Change Is Not a Four-Letter Word
Don’t you just love your habits? You must love them, because they are a big part of who you are, right? You have a habit of twisting your hair, sniffing, or eating when you’re tense. You do it without thinking about it, and that’s the great thing about a habit. It’s the robot part of living. It’s autopilot.
The problem with a habit–either one you want to get rid of or one you want to start–is that you have to… change. Ick!
We live in the midst of urban myth about change. The myth is we are resistant to change, yet we change all the time in every way and have from the moment we were born. We believe change is impossible, but that’s not true either. The one thing that is true is while there is expert knowledge about how to effectively make change, very few of us know about this information and subject ourselves to a lifetime of “do-overs.” It’s not surprising our myths about change persist.
In order to avoid being in the 70% of people who fail when making any type of change, there are a few things you can do. You must deploy all of these things:
Plan to fail. As negative as that sounds, it’s not. It means in our effort to change a habit, we will stray at some point. You might stray more than once. Make your strategy ahead of time and use it guilt-free. An example is eating.
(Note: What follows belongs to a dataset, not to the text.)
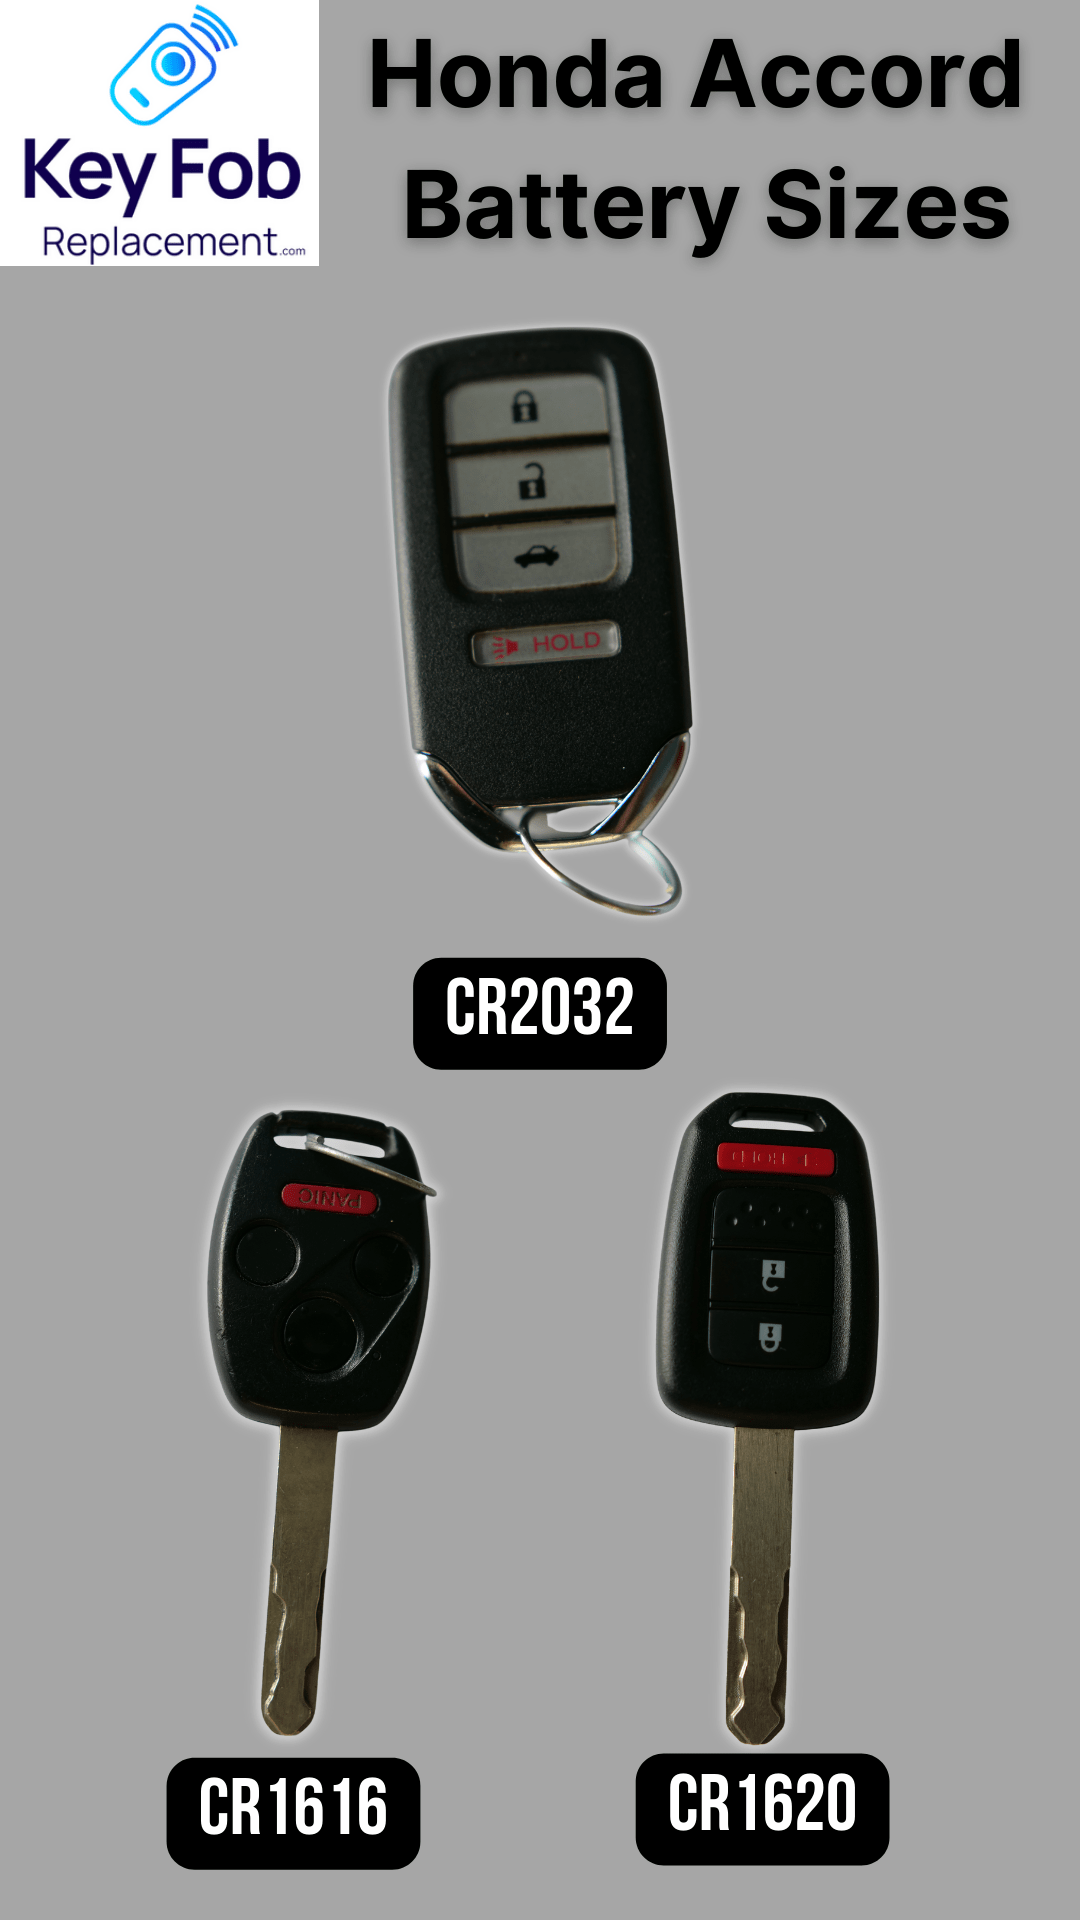 Honda Accord Key Fob Battery Sizes

If you are dieting and can’t resist having some birthday cake, then recognize what you did and cut back your intake on the next meal. It works for anything, but do figure out where you might stray and know what you will do ahead of time.
You need help. As a nation of cowboys, we’re prone to not ask for help. If you’re making a change, you need help. You need a person to hold you accountable, cheer you on, and keep you focused. It often helps if that person is an expert in whatever habit you are working on, because they will have specific insight you need to know. People that attempt to make changes without another person in the mix, won’t succeed.
You have to have an emotional need to change. You can’t logic your way to a change. If you don’t have an emotional connection or reason, you will lack the internal drive to push you forward. Think of this: If logic worked, no one would smoke or do drugs. We start for an emotional reason, and it takes an emotional reason for us to stop. The problem may be you haven’t connected to a deep-rooted emotion. Until you do, don’t start down the path of change, because you will quickly get derailed.
It’s going to be uncomfortable. Part of the beauty of a habit is we don’t have to be conscious of what we’re doing. It’s a way to save energy. We do something and don’t burn one brain cell in the process. With change, you have to become conscious about your behavior, and that isn’t comfy, because it requires energy and focus. You have to keep doing something new in its place long enough to ultimately turn it into a lifestyle habit. Developing new behavior requires your time and attention far longer than you’d like. (Experts say repeated behavior for 21 days. I think that is the bare minimum.)
It’s a lifetime commitment. Many people make the mistake of thinking they will “do something until…” In other words, they have a point out in time when they can take their foot off the gas and relax about the new behavior. Don’t plan on that working for you. You’ll notice people who go through 12-step programs to stop drinking refer to themselves as an alcoholic even when they haven’t drunk in years. It’s a way to maintain a level of consciousness as well as vigilance for the hard-fought-for change to stay in place. If you’re planning to change a habit, you don’t want it to be temporary.
Tomorrow morning when you brush your teeth, be grateful your parents taught you so many good habits when you were young. Because now that you’re an adult, you realize how habits conserve your energy and how challenging it is to change them.